Senator PATTERSON (12:45 PM) —I rise today to speak about an issue which I believe is of great importance: the issue of securing our financial future. When I was a youngster going from primary school to secondary school, Australia's financial situation was in a very good state. For young people of my generation—and I include you in that, Madam Acting Deputy President Reynolds—the world was our oyster. There were opportunities galore and jobs galore. But gradually, over a period of time, those opportunities have been whittled away, particularly over the 13 years that Labor was in government.

On 12 May 1998 Peter Costello, the federal Treasurer, announced a budget surplus of $2.7 billion for the financial year 1998 to 1999. Further budget surpluses are projected to reduce net debt from a peak under Labor of about 20 per cent of GDP to around 1.5 per cent of GDP by 2001-02. That is an extraordinary achievement. I am often asked why this government is so determined to reform the economic management of this country and reduce debt. The reason we are so determined, firstly, is that there are a lot of older Australians that I have met as I moved around the country doing consultations for the International Year of Older Persons who are alarmed that the legacy they left us, the inheritance they left us, was being squandered and that the inheritance of the next generation was being spent by this generation—and basically by Labor when it was in government for 13 years. What we were doing was using up the inheritance we had, and we were borrowing against the inheritance of the next generation.

Debt does not exist in isolation. When you have debt, as all of us who have mortgages or have bought something on time payment know, interest must be paid on the debt. When government debt grows, as it did under Labor, it must also be paid for through interest repayments. Those interest repayments represent opportunities forgone. In the terms of economists, what you spend on interest you cannot spend on other things. I remember a lesson I learnt when I was a youngster. I wanted to buy a dress. In those days people used to go door to door selling clothes on time payment. My mother warned me about buying this dress, but I wanted a new nylon dress. They were the days when nylon had come out.


Senator Sandy Macdonald —Still got it?


Senator PATTERSON —No, I have not still got it. But I decided that I was going to buy this dress, and I was going to pay two shillings a week on this dress. My mother was right because, by the time I had finished paying for the dress, the dress had worn out and was out of fashion. I learnt a very big lesson from that about buying something on time payment. I also had to pay interest, and I paid a lot more for that dress than I should have. It was a very good lesson. Thank heavens it was only on a dress that I learnt that lesson.


Senator Vanstone —Not on the national accounts.


Senator PATTERSON —Not on the national accounts. My mother let me have my head, and I am glad she did because I learnt a very good lesson; a lesson which people on the other side obviously have not learnt.

If you have a debt on the national accounts, you have interest repayments which could have been otherwise spent. As Senator Vanstone said, it could have been otherwise spent on improving Australian schools, housing and hospitals—and all the other things that people come into our offices telling us we ought to be spending money on. These repayments grow with the debt, and eventually higher interest rates are needed to attract the necessary funds. Higher interest rates affect all Australians. They affect farmers, who find it increasingly difficult to keep up with repayments on their properties. We saw in that time of high interest rates under Labor banks foreclosing on farms and people moving off the land.

Families face higher mortgage rates, and a significant proportion of families' income is taken up on paying mortgage rates. The goal of trying to purchase a home by young people is getting further and further out of their reach. Small businesses have difficulty raising funds and meeting repayments. When that occurs the first thing they do is reduce their number of staff. Rising debt and increasing interest rates quickly become a cycle and lead to unemployment. As I have said, businesses are forced to lay off staff to keep up with the repayments of debt.

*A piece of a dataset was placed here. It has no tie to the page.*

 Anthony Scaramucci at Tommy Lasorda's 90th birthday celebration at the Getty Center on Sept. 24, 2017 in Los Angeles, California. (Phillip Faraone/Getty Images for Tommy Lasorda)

Another factor which occurs is that funds from overseas investors fuel land and price speculation, and they take these things out of the reach of ordinary Australians and again push up inflation. While inflation may give the impression of growth in wages and other benefits, this growth is illusionary as inflation is typically accompanied by high interest rates and rising prices for basic commodities like bread and milk. Successive Labor governments oversaw the cycle of debt, high interest rates, high unemployment and high inflation. I think we constantly need to remind the Australian public that under Labor the budget deficit each year was running at about $10.3 billion. That is, every year we were spending $10.3 billion more than we had, more than we were receiving in taxes. We were living off the next generation's inheritance. For grandparents who are listening, we were spending your grandchildren's money. For parents listening, we were spending your children's money. We were $10.3 billion in excess. Government debt reached $96 billion, or more than $5,000 for every Australian. Home interest rates peaked at 17 per cent, and small business interest rates reached 20.5 per cent. Unemployment climbed to 11.2 per cent, and inflation averaged 5.7 per cent.

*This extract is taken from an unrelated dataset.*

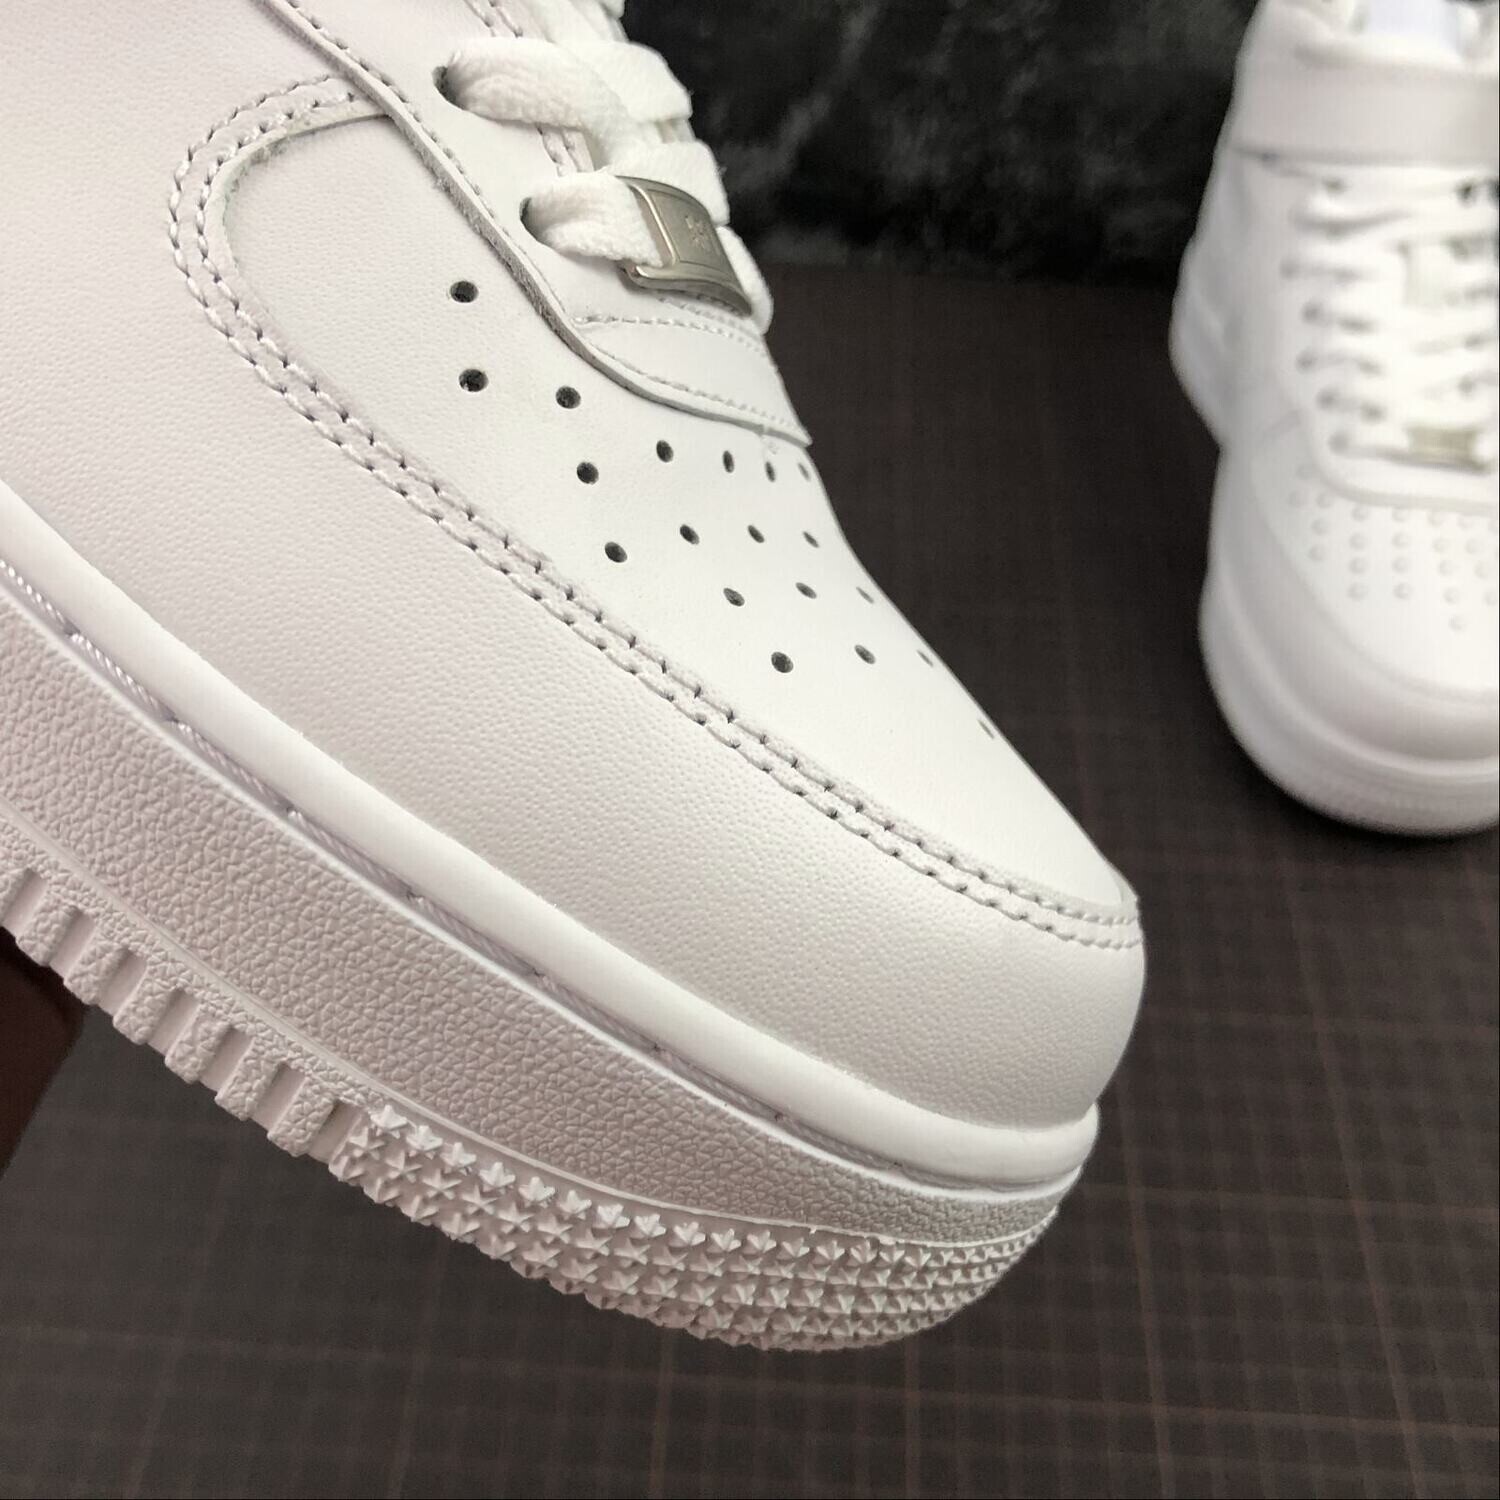 Nike Air force 1 Bianche ALTE

It took the Liberal-National Party coalition to break the cycle. As announced in the federal budget of 12 May 1998, we expect to achieve a surplus of $2.7 billion for 1998-99. We also anticipate that by 2001-02 government debt will have fallen from $96 billion to $9.6 billion, representing a decline in government debt from 20 per cent of GDP to around 1.5 per cent. As I have said, when you do not have that debt, you are not paying off the interest and you can afford to do other things.

Flow-on effects from this sound financial management have seen home loan interest rates fall to 6.7 per cent, the lowest rate since—as the Treasurer (Mr Costello) constantly reminds us—man first walked on the moon. Unemployment is now well down on the rate reached under Labor, and inflation is running at minus two per cent—and that is the lowest that has been seen since the sixties.

With debt having been brought under control by this government, we can now implement initiatives for the benefit of all Australians. As many of my honourable colleagues in the chamber know, one of my particular interests is in older Australians. As a result of our behaving in a financially responsible way, we have seen benefits being able to be given to people.

We have extended access to the Commonwealth seniors health card to an additional 220,000 self-funded retirees. Many of these people are on reasonably low incomes; some of them just above the pension. However, they have not been able to get benefit. So we have given them a sense of security in that, after they have purchased 52 scrips—I think it is—at $3.20, they then, like pensioners, can receive the rest of their medication for free. This is something which has been asked for by self-funded retirees.

But it was never given by the Labor Party when it was spending money willy-nilly, borrowing $10.3 billion a year—never given to those people who really wanted the security of knowing that, if they required an extensive amount of medication, it would be free after having reached a certain number of scrips. When Labor was in government, the cap was so high that it gave self-funded retirees a great degree of concern.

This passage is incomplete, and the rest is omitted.